Logo Questions Linux Laravel Mysql Ubuntu Git Menu
 

Unable to use GPU to train a NN model in azure machine learning service using P100-NC6s-V2 compute. Fails wth CUDA error

I’ve recently started working with azure for ML and am trying to use machine learning service workspace. I’ve set up a workspace with the compute set to NC6s-V2 machines since I need train a NN using images on GPU.

The issue is that the training still happens on the CPU – the logs say it’s not able to find CUDA. Here’s the warning log when running my script. Any clues how to solve this issue?

I’ve also mentioned explicitly tensorflow-gpu package in the conda packages option of the estimator.

Here's my code for the estimator,

script_params = {
         '--input_data_folder': ds.path('dataset').as_mount(),
         '--zip_file_name': 'train.zip',
         '--run_mode': 'train'
    }


est = Estimator(source_directory='./scripts',
                     script_params=script_params,
                     compute_target=compute_target,
                     entry_script='main.py',
                     conda_packages=['scikit-image', 'keras', 'tqdm', 'pillow', 'matplotlib', 'scipy', 'tensorflow-gpu']
                     )

run = exp.submit(config=est)

run.wait_for_completion(show_output=True)

The compute target was made as per the sample code on github:

compute_name = "P100-NC6s-V2"
compute_min_nodes = 0
compute_max_nodes = 4

vm_size = "STANDARD_NC6S_V2"

if compute_name in ws.compute_targets:
    compute_target = ws.compute_targets[compute_name]
    if compute_target and type(compute_target) is AmlCompute:
        print('found compute target. just use it. ' + compute_name)
else:
    print('creating a new compute target...')
    provisioning_config = AmlCompute.provisioning_configuration(vm_size=vm_size,
                                                                min_nodes=compute_min_nodes,
                                                                max_nodes=compute_max_nodes)

    # create the cluster
    compute_target = ComputeTarget.create(
        ws, compute_name, provisioning_config)

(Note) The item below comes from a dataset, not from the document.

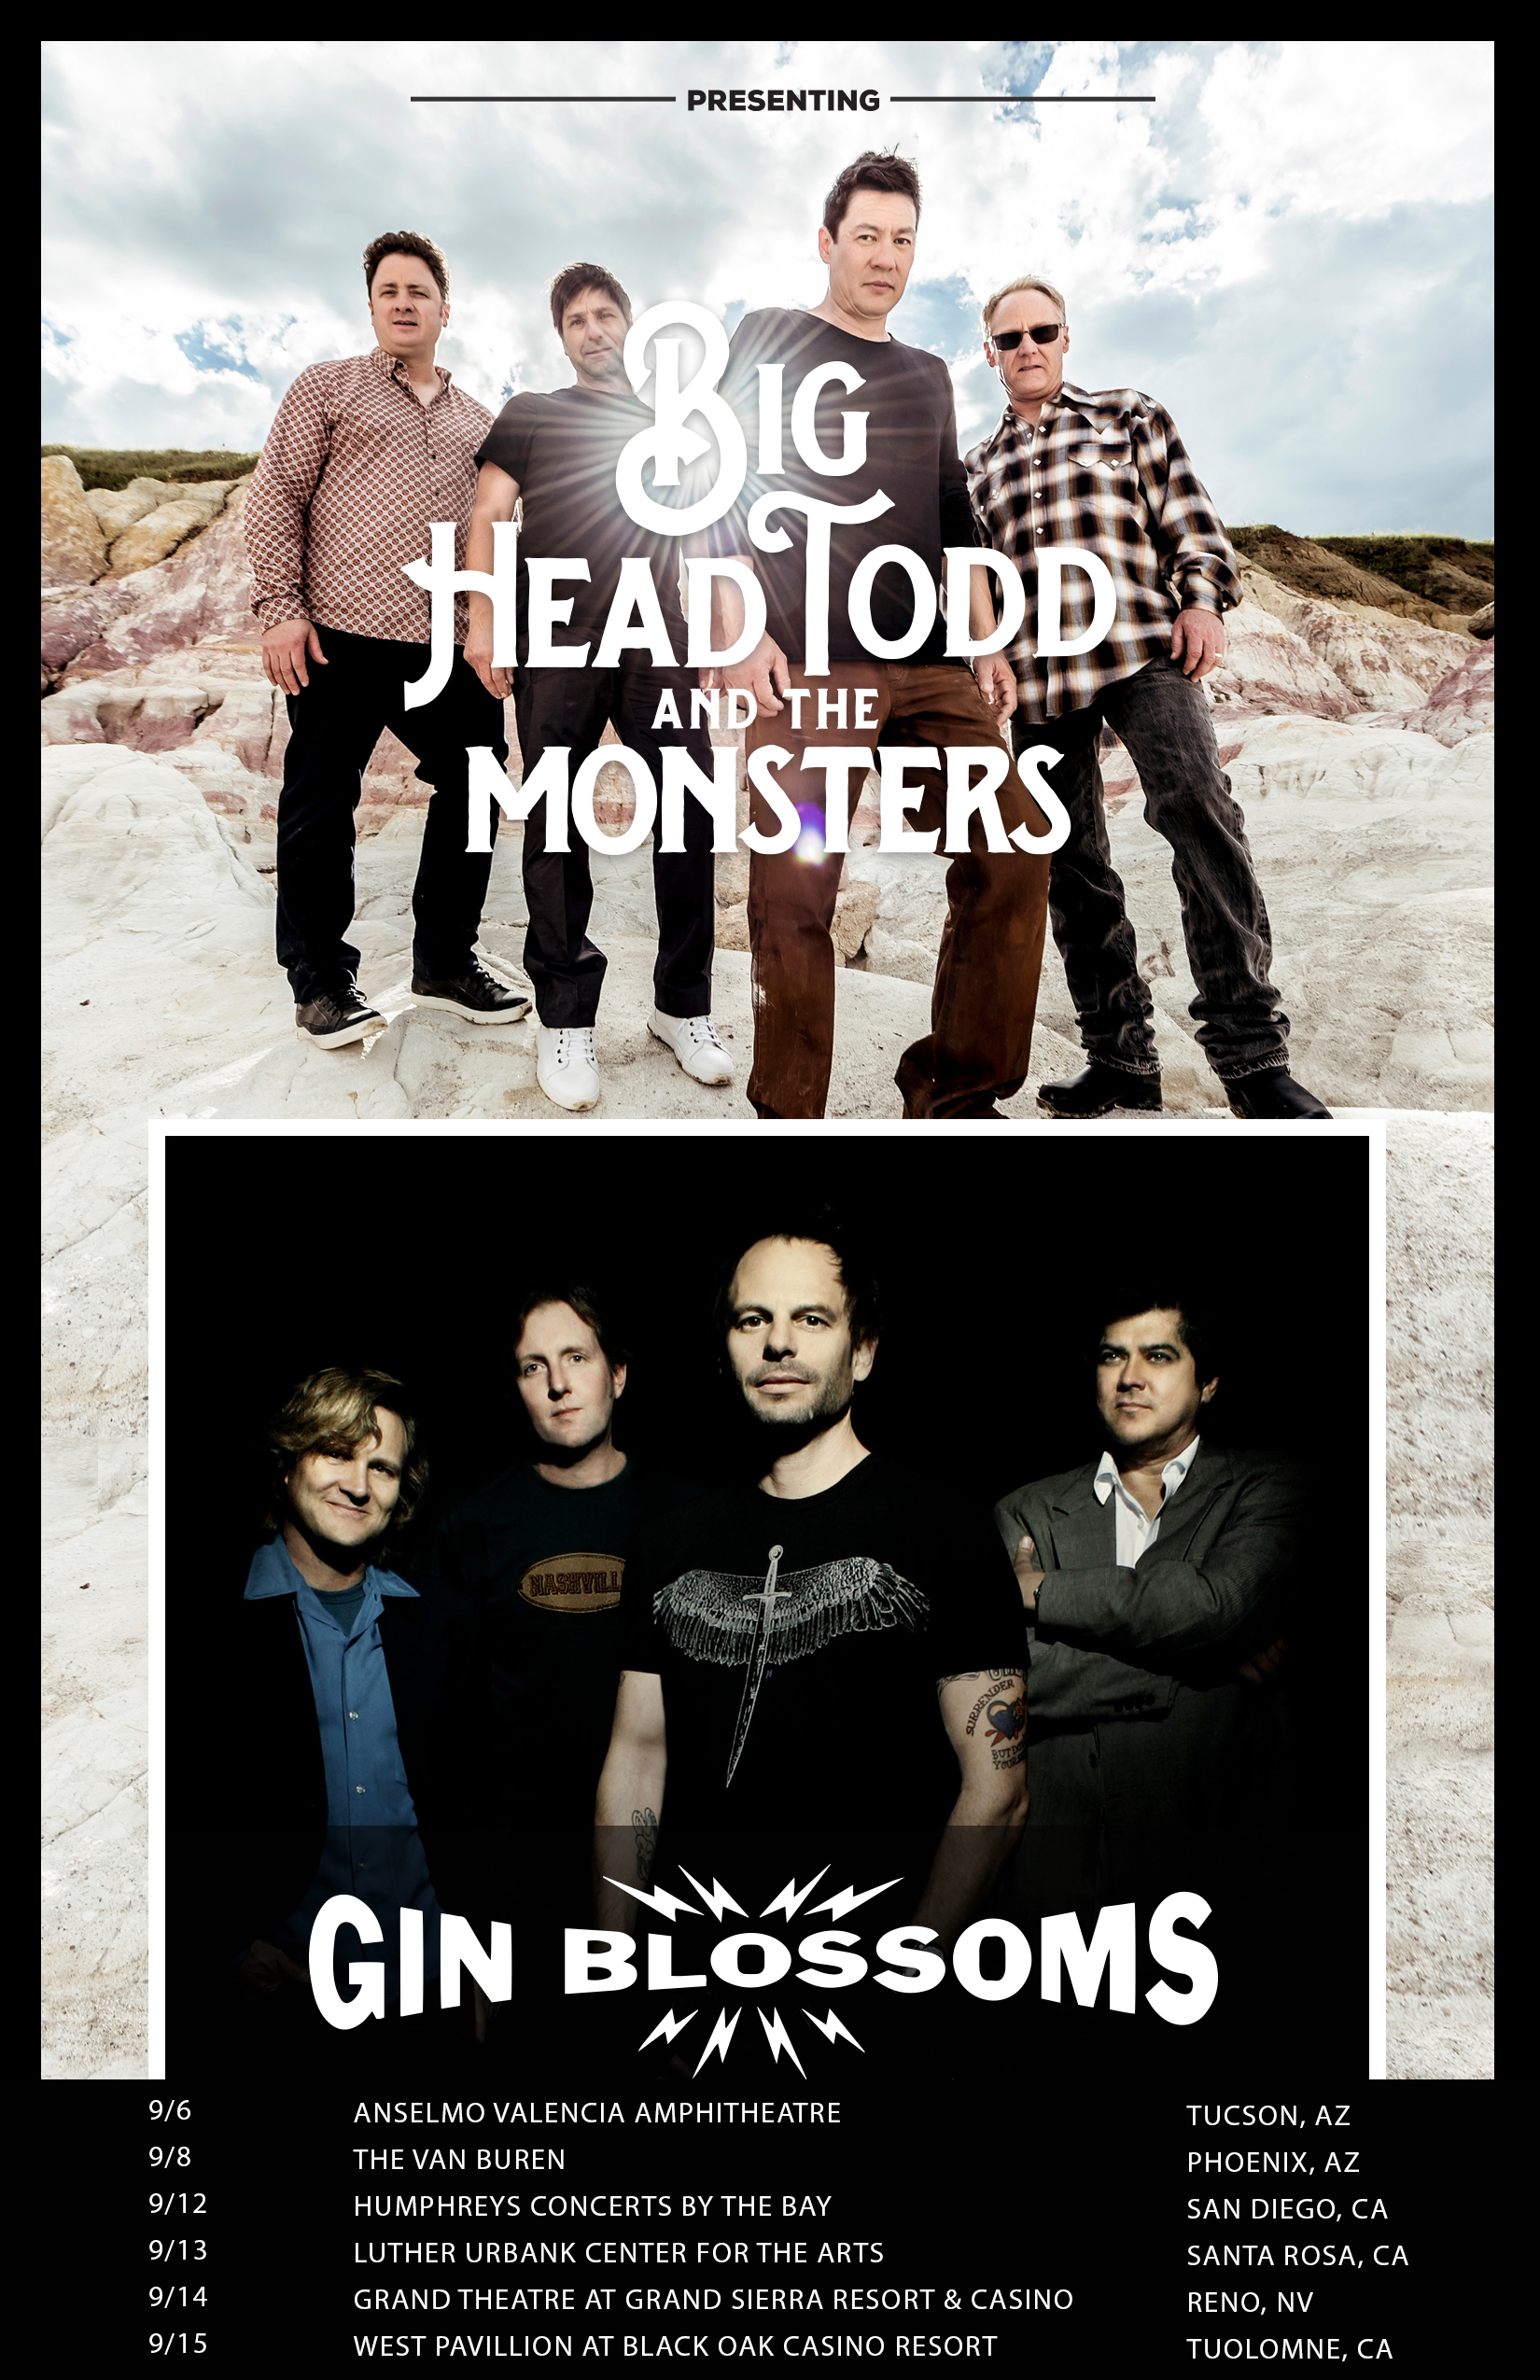 Big Head Todd and the Gin Blossoms headed to Tucson, AZ on 9/6 at AVA Amphitheatre!

    # can poll for a minimum number of nodes and for a specific timeout.
    # if no min node count is provided it will use the scale settings for the cluster
    compute_target.wait_for_completion(
        show_output=True, min_node_count=None, timeout_in_minutes=20)

    # For a more detailed view of current AmlCompute status, use get_status()
    print(compute_target.get_status().serialize())

This is the warning with which it fails to use the GPU:

2019-08-12 14:50:16.961247: I tensorflow/compiler/xla/service/service.cc:168] XLA service 0x55a7ce570830 executing computations on platform Host. Devices:
2019-08-12 14:50:16.961278: I tensorflow/compiler/xla/service/service.cc:175]   StreamExecutor device (0): <undefined>, <undefined>
2019-08-12 14:50:16.971025: I tensorflow/stream_executor/platform/default/dso_loader.cc:53] Could not dlopen library 'libcuda.so.1'; dlerror: libcuda.so.1: cannot open shared object file: No such file or directory; LD_LIBRARY_PATH: /opt/intel/compilers_and_libraries_2018.3.222/linux/mpi/intel64/lib:/opt/intel/compilers_and_libraries_2018.3.222/linux/mpi/mic/lib:/opt/intel/compilers_and_libraries_2018.3.222/linux/mpi/intel64/lib:/opt/intel/compilers_and_libraries_2018.3.222/linux/mpi/mic/lib:/azureml-envs/azureml_5fdf05c5671519f307e0f43128b8610e/lib:
2019-08-12 14:50:16.971054: E tensorflow/stream_executor/cuda/cuda_driver.cc:318] failed call to cuInit: UNKNOWN ERROR (303)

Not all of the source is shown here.